#### [WHAT YOU ARE ASKED TO DO]
In the data below, one line contains "Floral Moon Phases" and a later one contains "Taxxman Black Logo". Print both, with every line between them, exactly and alone.

#### [RECORDS FOR THE TASK]
•••••

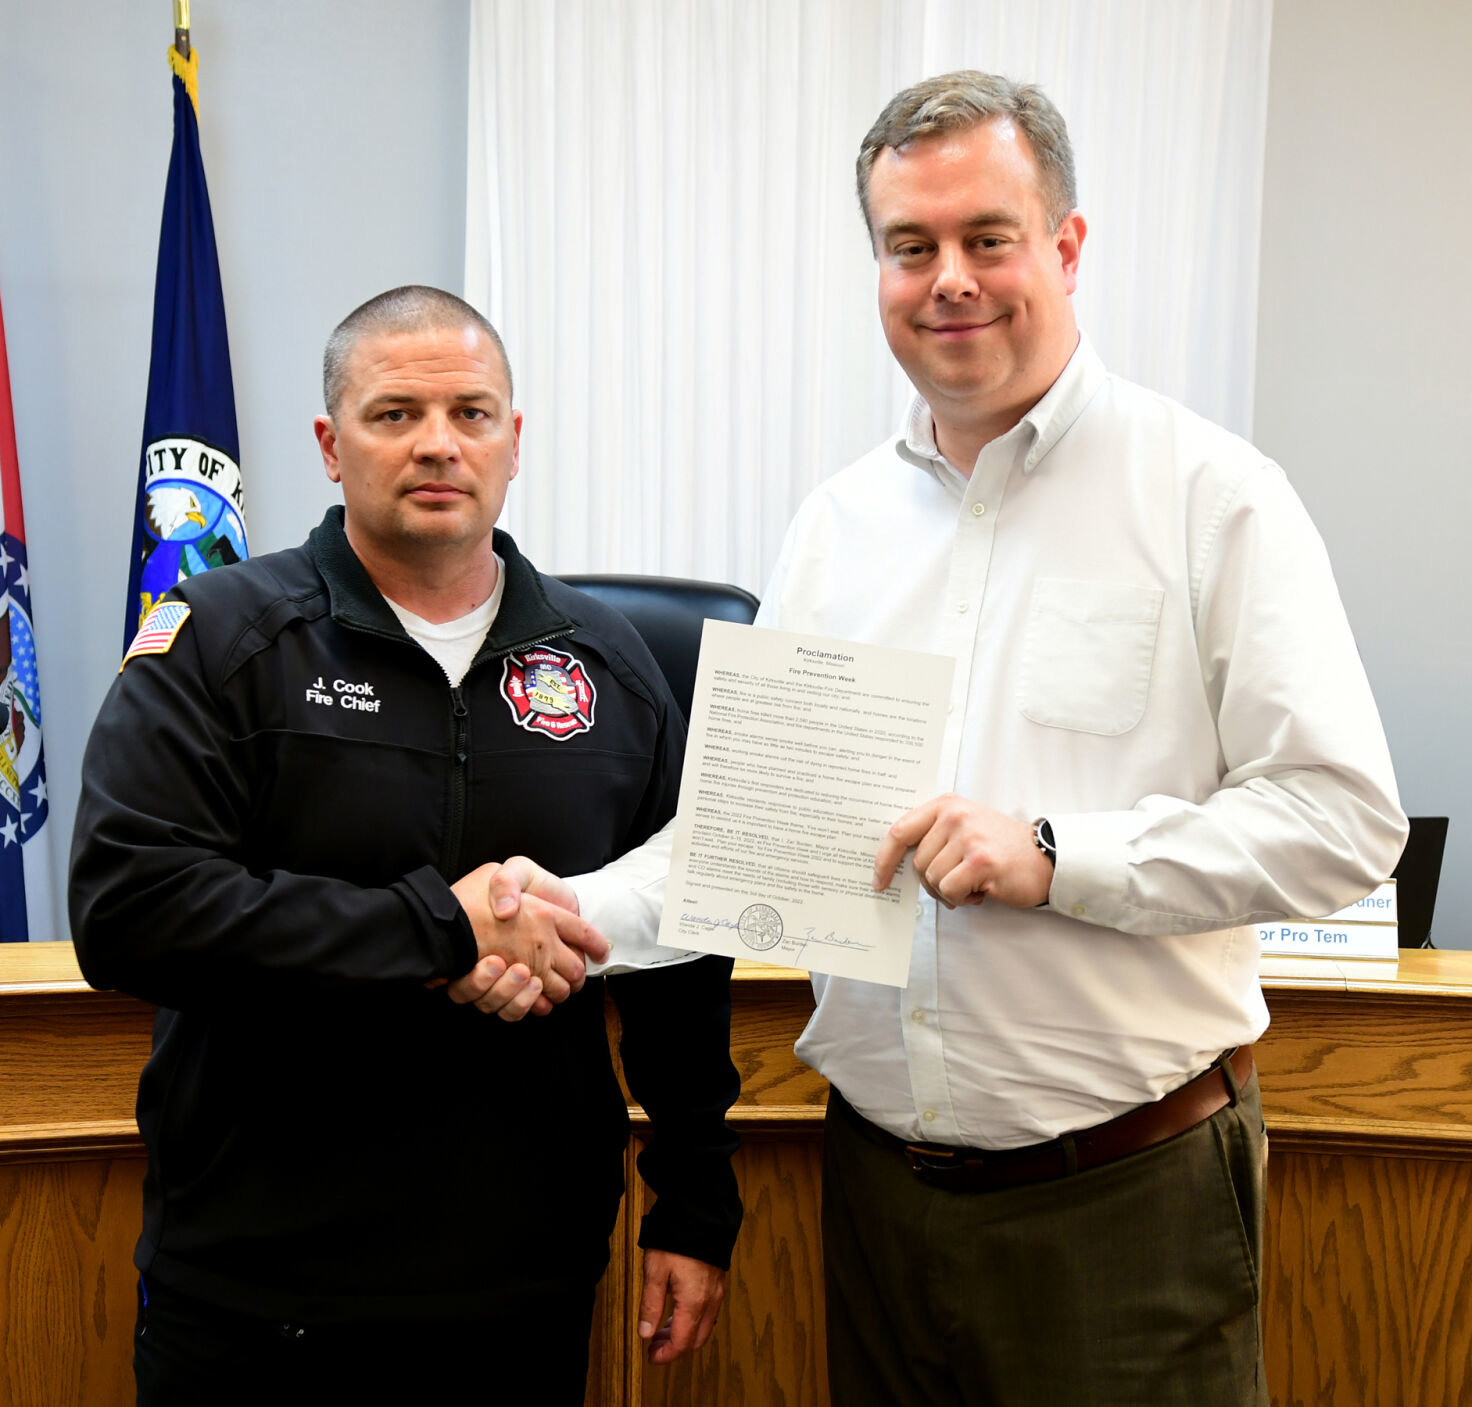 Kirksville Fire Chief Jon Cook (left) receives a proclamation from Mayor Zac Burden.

•••••

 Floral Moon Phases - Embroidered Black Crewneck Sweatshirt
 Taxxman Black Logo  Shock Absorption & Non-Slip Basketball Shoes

•••••

#### [RESPONSE BOX]
 Floral Moon Phases - Embroidered Black Crewneck Sweatshirt
 Taxxman Black Logo  Shock Absorption & Non-Slip Basketball Shoes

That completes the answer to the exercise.